November 15, 2009

Jazz.


Something about jazz flows into your life. You could have played one jazz song once, you could listen to it all the time, you could take one picture of a musician or you could be an aficionado. No matter your experience, the minute you touch jazz it engulfs you, and changes you from the inside out.

Something about the improvisation, the divine falling together of music. Communal living off of sound waves. It changes you. You begin to take life less seriously. When you go to get something to eat and find out that the restaurant is closed, when you run out of gas or blow a tire on the highway... Even, yes, even when you get lost in a strange city jazz quietly whispers out your name. It gives you your game plan. It casually tells you in it's silky, cool voice made from years in clubs to;

"Improvise."
All of the sudden you discover a new restaurant, you walk to a new place and meet new friends, and you discover the heart of the city. America, the land of opportunity, and discovery.


Jazz, the real American music. The one style that is wholly American. Born from the spirit of what makes us, well, us. New Englanders made new ways of surviving, they created something out of nothing. We've found ways to survive over the years. America does a good job of evolving with the times, redefining ourselves to fit with new times. Our Constitution was written in such a way to apply to things unforeseeable.
Whispering it to us. "Improvise." In this spirit America does everything.

But, wait, what happened to the spirit of jazz?
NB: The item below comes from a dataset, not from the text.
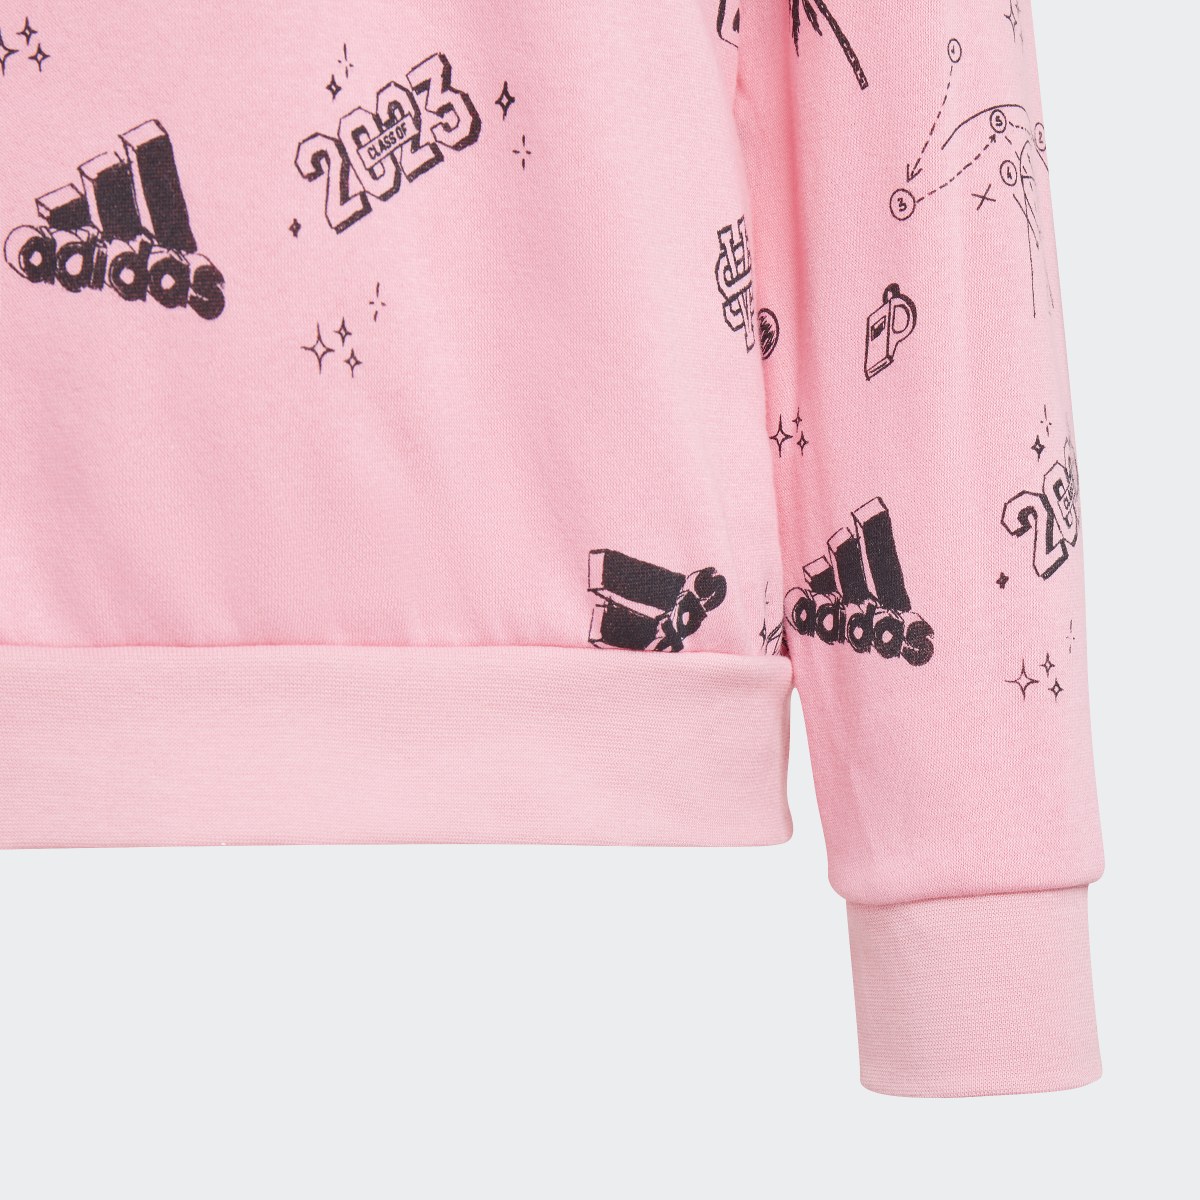 Adidas Brand Love Allover Print Kids Sweatshirt. 5

The silken, cool, go-with-the-flow nature in which notes fit together? The adventure, the real adventure that jazz music is. I am not saying to go out there and buy every jazz album you can, to become an expert on such an evolving, changing, living thing. But let it reach out and touch you. Although, if you let it swallow you, no doubt you will be a lot happier than you were before.

If your tire blows, if you don't know what to have for dinner, don't get hung up on convenience and how America has changed into everything I need, right now, my way or the high way, rush rush rush and never ever slow down to create something.

Make something out of nothing. Improvise. MacGyver. Create. You'll be so much happier when you forget your to-do lists and make an adventure out of the mundane.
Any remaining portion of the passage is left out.